В тесной зависимости от этого первого противопоставления – противопоставление урегулированности и договора. Садизм подчиняется логике урегулированности, установленной власти, терзающей свою жертву и получающей удовольствие от ее беспомощного сопротивления. Точнее, садизм действует в пространстве непристойного, на «сверх-я»-изнанке, которая непременный двойник и спутник – тень – «публичного» Закона. Мазохизм же, напротив, скроен по жертве: именно жертва (слуга в мазохистских отношениях) инициирует договор с Хозяином (женщиной), позволяя ей унижать «слугу» любыми способами, какие покажутся ей сообразными (по условиям, определенным в договоре), и обязывая слугу действовать «согласно капризам госпожи-повелительницы», как говорил Захер-Мазох. Следовательно, именно слуга пишет сценарий, т. е. это он дергает за ниточки и диктует деятельность женщины [доминатрикс ]: он инсценирует собственное рабство[182]. Еще одна отличительная черта мазохизма: мазохизм внутренне театрален, насилие в нем по большей части притворное, но даже когда «настоящее», оно есть компонент сцены, часть театральной постановки. Более того, насилие никогда не воплощается в жизнь, не доводится до исполнения, оно всегда отложено, как бесконечное повторение прерванного жеста.
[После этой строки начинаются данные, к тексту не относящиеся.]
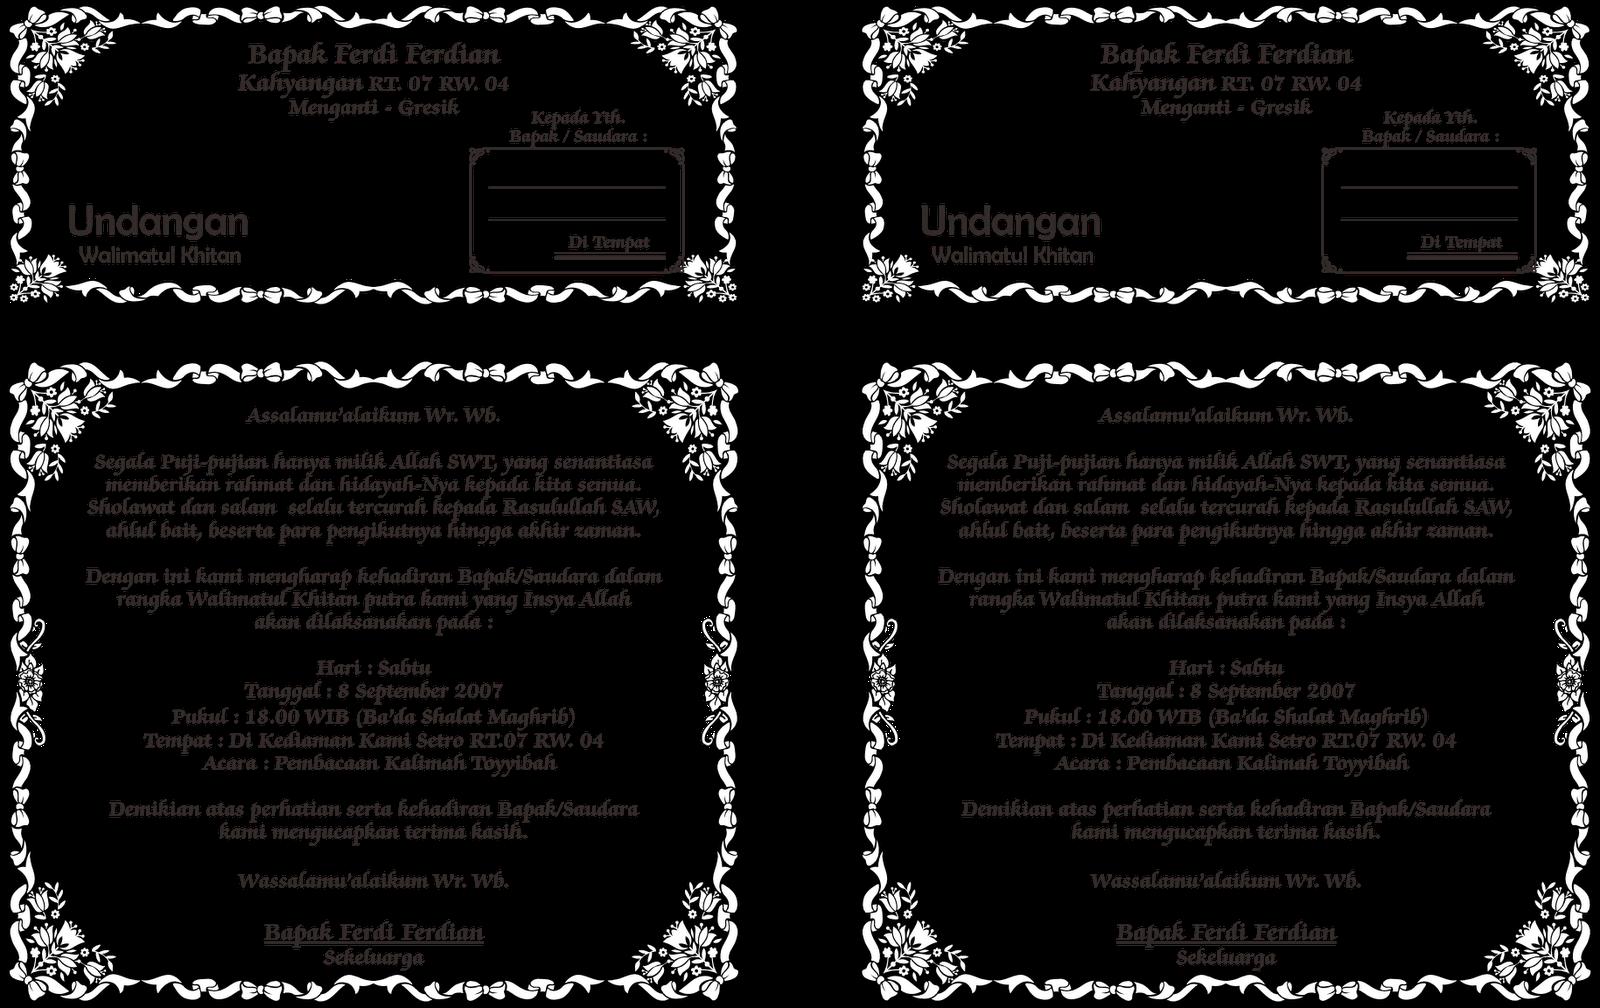 contoh gambar undangan walimatul khitan download format coreldraw via ...

Именно эта логика отрицания позволяет нам понять глубинный парадокс мазохистского умонастроения. Как, иными словами, выглядит типичная мазохистская сцена? Мужчина-слуга холодно и по-деловому устанавливает условия договора с женщиной-хозяйкой: что́ она с ним должна делать, какую сцену следует репетировать бесконечно, какое платье на женщине должно быть, как далеко ей следует заходить в смысле настоящего, физического измывательства (насколько сурово бить мужчину хлыстом, как именно заковывать в цепи, в какие именно места вгонять каблуки и т. д.). Когда они уже наконец переходят к самой игре, мазохист постоянно остается эдак рефлективно отстраненным: он никогда не отдается чувствам, не забывается в игре; посреди игры он может вдруг занять положение режиссера и выдать четкие указания (давить сильнее вот здесь, повторить вот то движение…) и при этом никак не «разрушать иллюзию» . Когда игра окончена, мазохист вновь делается почтенным буржуа и принимается разговаривать с Дамой-повелительницей как ни в чем не бывало, по-деловому: «Спасибо вам за услугу. В это же время на следующей неделе?» и т. д. Важнее всего здесь полное выведение вовне само́й сокровеннейшей страсти мазохиста: сокровеннейшие желания делаются объектом договора и хладнокровного торга. Природа мазохистского театра, следовательно, глубоко «не-психологическая»: сюрреалистическая страстная мазохистская игра, отодвигающая общественную действительность, тем не менее, легко вписывается в повседневность[183].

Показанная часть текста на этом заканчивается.